Прошло несколько пробных репетиций – выбраны были ключевые сцены Комиссара и Вожака, – и перед режиссером возникла проблема: как совместить «Ведущего от радио» (комментатора, который был необходим) и «Ведущих от театра», реплики которых органично входили в эмоциональный и смысловой контекст спектакля.
Протокольный характер конферанса, заключавшегося в чтении ремарок, пришел бы в неизбежное противоречие с гармонией художественных решений. Попытки в «художественной форме» дополнить действие, помогая созданию зрительных образов пространными комментариями, диссонировали бы со стилем речи персонажей. Таиров идет на замечательный эксперимент: во время одного из повторов радиомонтажа «Оптимистической трагедии» в Студии на Телеграфе он передает часть реплик Ведущих исполнительнице роли Комиссара.
Коонен блестяще демонстрирует способности к «интонационному перевоплощению», никоим образом не меняя при этом привычных ей голосовых характеристик, о которых блистательно написала Татьяна Бачелис:
«Странный, медленно льющийся, то раскаленный как магма, то холодный, как льдинка, то мучительно стенающий на высоких нотах, то угрюмо падающий вниз, угрожающе суровый голос Коонен...»21
«Мужская» твердость реплик Ведущих была в ее речи, видимо, потому, что, работая над ролью Комиссара, она «отказалась от игры „под мужчину", практиковавшейся в те годы на сцене в подобных случаях. Мне, – рассказывала позднее актриса, – хотелось показать свою героиню женственной, лиричной, человечной»22 .

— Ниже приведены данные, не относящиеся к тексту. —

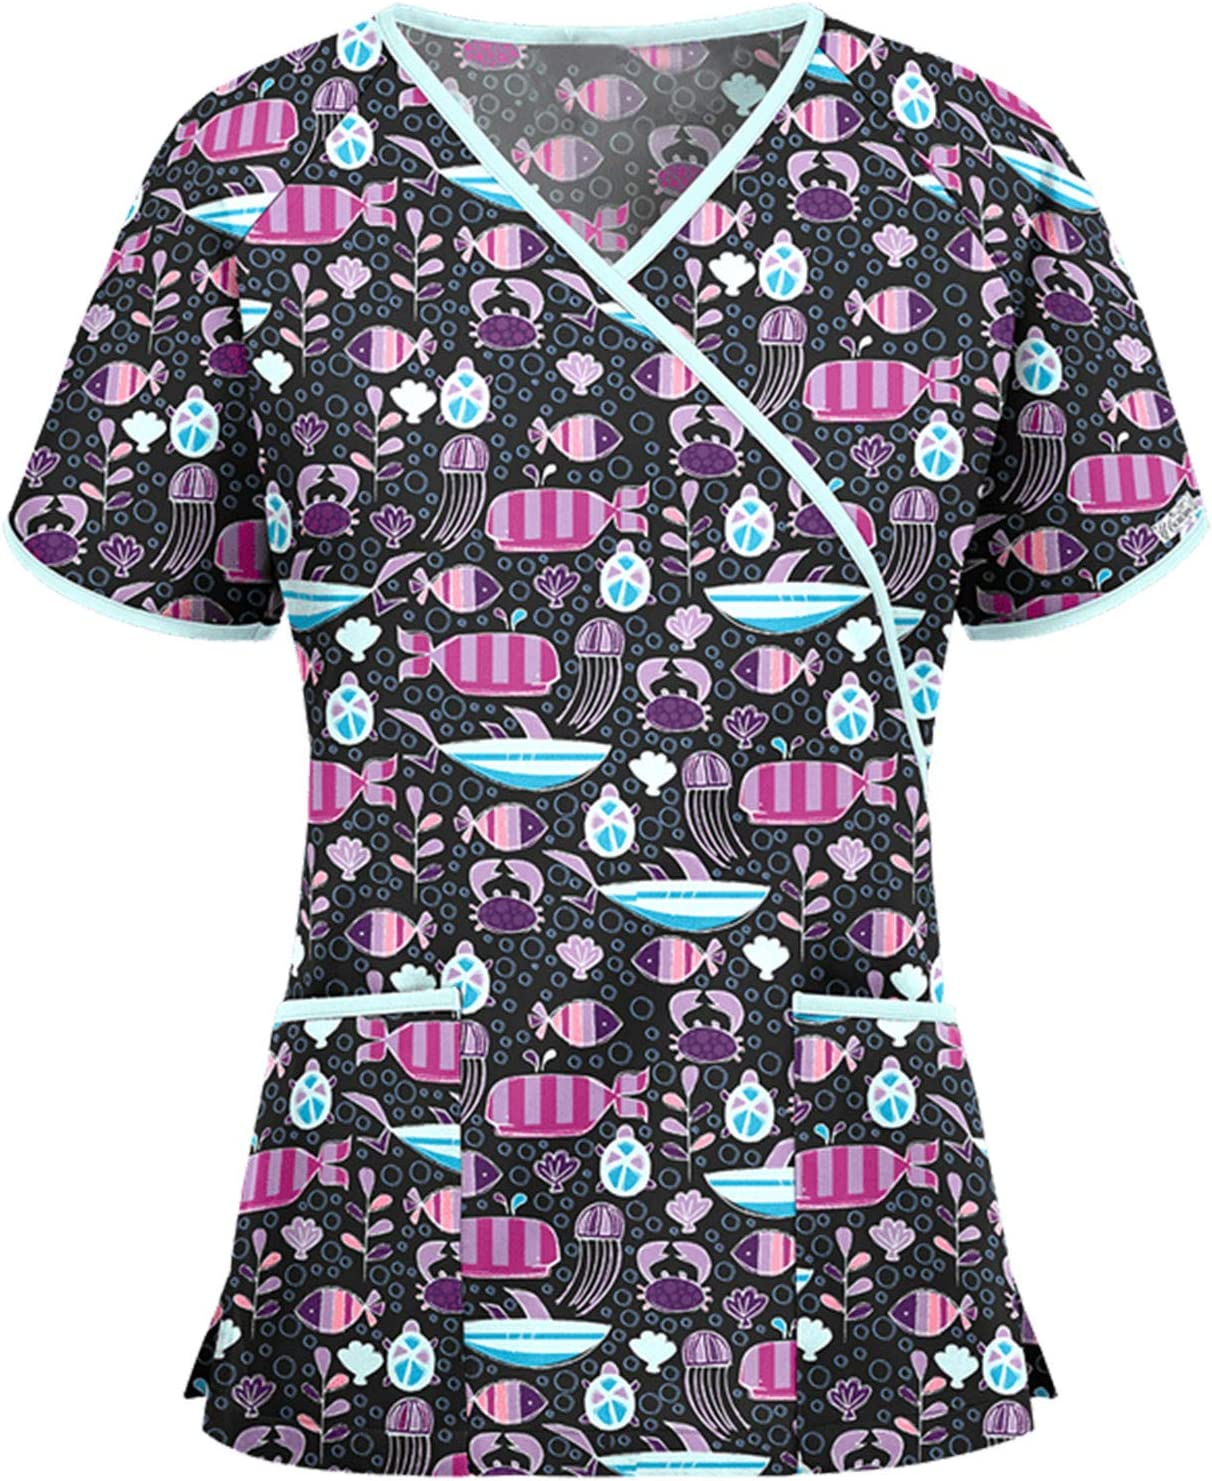 KKYU Women Summer Mock Wrap Tops Working Uniform T-Shirt Easter Print Short Sleeve V-Neck Blouse Workwear with 2 Pockets

«Оптимистическая трагедия», точнее, фрагменты из нее – в том варианте, о котором идет речь, – прошла в эфире два или три раза, но в памяти великой актрисы осталась надолго. И в тот вечер, когда она в последний раз вышла на сцену, – это было 30 марта 1970 года в Центральном Доме актера, где отмечали ее восьмидесятилетие, – Алиса Коонен закончила свое выступление текстом Ведущих из пьесы Всеволода Вишневского:
«Кто это?
Наши потомки. Наше будущее, о котором, помнишь, мы тосковали. Молчат, пришли посмотреть на героические деяния, на героических людей...
Жизнь не умирает. Люди умеют смеяться и есть пищу над могилами ближних.
И это прекрасно!»
В зале не аплодировали – плакали. Потом все молча встали.

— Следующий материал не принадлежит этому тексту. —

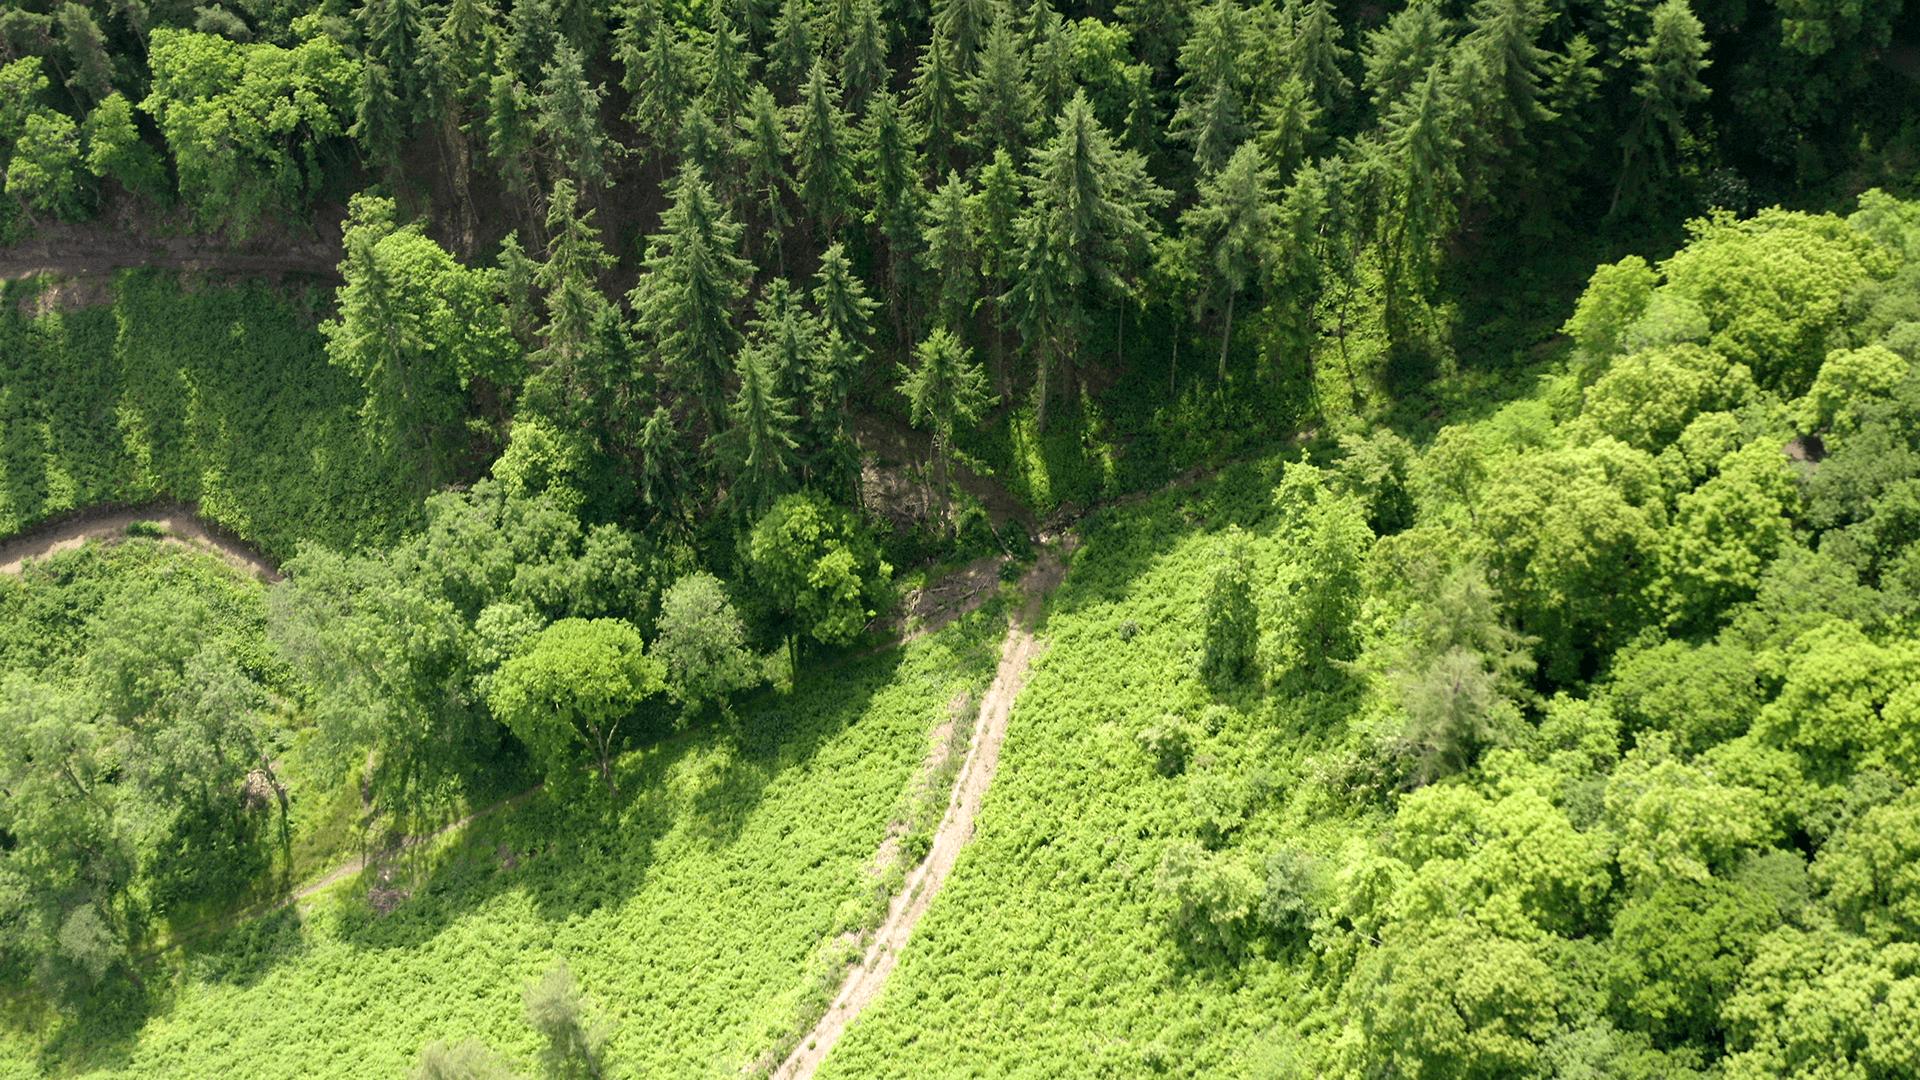 Porlock Weir Aerial Photograph

Запись этого вечера хранится в фондах радиотелевизионной компании «Останкино».
Очень хочется верить, что ее не постигнет судьба многих звукозаписей спектаклей Таирова, сделанных в 30-е и 40-е годы – после успешных экспериментов с «Оптимистической трагедией». Архивные документы позволяют утверждать, что начиная с 1934 года редакции литературного и театрального вещания достаточно регулярно фиксировали большинство новых режиссерских работ Таирова. Сначала на тонфильм, затем с помощью шоринофона, а с 1940 года средствами более современной магнитной записи.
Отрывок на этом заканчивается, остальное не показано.